╔══

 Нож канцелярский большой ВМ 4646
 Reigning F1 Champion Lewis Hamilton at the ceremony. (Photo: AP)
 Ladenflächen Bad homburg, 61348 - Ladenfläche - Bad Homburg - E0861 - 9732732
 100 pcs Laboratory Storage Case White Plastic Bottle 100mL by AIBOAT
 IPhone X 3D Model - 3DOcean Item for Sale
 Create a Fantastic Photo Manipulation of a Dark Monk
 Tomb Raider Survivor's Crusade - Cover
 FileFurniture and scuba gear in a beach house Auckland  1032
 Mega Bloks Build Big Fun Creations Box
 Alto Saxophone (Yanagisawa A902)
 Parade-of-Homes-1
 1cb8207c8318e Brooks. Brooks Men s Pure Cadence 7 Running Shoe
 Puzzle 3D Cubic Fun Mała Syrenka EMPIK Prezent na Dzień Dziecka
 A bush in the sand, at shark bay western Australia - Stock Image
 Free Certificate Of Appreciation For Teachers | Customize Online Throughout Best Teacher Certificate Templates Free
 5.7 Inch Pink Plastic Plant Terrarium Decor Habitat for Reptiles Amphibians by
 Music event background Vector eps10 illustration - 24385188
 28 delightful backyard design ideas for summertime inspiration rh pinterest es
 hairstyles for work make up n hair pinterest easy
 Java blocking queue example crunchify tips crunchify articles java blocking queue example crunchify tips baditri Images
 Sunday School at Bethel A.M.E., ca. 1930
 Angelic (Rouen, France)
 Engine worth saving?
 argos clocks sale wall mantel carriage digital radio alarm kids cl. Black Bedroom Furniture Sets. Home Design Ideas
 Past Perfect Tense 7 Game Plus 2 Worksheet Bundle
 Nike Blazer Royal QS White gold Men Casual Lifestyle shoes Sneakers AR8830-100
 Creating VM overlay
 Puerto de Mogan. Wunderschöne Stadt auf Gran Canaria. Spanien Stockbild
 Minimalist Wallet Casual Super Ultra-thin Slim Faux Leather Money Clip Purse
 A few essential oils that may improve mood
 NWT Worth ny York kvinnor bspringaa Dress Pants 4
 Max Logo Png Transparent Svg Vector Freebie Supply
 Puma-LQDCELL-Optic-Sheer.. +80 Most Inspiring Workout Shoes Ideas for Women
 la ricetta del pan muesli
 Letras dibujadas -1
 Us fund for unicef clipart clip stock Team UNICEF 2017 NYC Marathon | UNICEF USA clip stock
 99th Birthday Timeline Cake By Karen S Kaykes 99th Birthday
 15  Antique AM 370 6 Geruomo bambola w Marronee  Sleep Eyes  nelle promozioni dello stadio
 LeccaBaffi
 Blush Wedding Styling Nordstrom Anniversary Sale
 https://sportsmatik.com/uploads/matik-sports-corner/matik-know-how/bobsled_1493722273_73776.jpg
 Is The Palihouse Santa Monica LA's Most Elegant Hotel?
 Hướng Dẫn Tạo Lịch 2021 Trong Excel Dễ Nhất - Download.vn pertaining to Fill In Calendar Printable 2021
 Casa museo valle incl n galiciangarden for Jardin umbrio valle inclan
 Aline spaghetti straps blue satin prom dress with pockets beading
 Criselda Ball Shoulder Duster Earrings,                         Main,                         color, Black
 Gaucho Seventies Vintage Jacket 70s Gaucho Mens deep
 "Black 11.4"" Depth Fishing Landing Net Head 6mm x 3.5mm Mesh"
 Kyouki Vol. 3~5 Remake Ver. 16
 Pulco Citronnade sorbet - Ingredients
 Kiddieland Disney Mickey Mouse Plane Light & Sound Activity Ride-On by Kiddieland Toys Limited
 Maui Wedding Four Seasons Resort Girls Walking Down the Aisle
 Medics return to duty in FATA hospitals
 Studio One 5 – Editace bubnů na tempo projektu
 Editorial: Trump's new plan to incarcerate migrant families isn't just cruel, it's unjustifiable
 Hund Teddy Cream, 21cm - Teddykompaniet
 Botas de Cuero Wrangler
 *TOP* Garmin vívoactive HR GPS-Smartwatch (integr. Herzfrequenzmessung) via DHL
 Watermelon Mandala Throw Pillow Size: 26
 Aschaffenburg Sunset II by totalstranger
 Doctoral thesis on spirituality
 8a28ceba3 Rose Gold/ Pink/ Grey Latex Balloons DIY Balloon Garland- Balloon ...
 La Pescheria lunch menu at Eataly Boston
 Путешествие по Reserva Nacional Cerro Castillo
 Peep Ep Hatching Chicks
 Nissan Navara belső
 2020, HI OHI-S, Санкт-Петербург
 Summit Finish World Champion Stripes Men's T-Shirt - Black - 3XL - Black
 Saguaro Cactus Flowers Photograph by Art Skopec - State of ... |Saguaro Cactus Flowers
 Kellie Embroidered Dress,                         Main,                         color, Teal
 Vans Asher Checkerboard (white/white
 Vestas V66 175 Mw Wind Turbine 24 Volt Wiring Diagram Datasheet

╚══

Goal of the exercise:
Copy out precisely the lines from the line with "99th Birthday Timeline" to the line with "Aline spaghetti straps" in the material above, including those two lines and omitting all the rest.

Task response:
 99th Birthday Timeline Cake By Karen S Kaykes 99th Birthday
 15  Antique AM 370 6 Geruomo bambola w Marronee  Sleep Eyes  nelle promozioni dello stadio
 LeccaBaffi
 Blush Wedding Styling Nordstrom Anniversary Sale
 https://sportsmatik.com/uploads/matik-sports-corner/matik-know-how/bobsled_1493722273_73776.jpg
 Is The Palihouse Santa Monica LA's Most Elegant Hotel?
 Hướng Dẫn Tạo Lịch 2021 Trong Excel Dễ Nhất - Download.vn pertaining to Fill In Calendar Printable 2021
 Casa museo valle incl n galiciangarden for Jardin umbrio valle inclan
 Aline spaghetti straps blue satin prom dress with pockets beading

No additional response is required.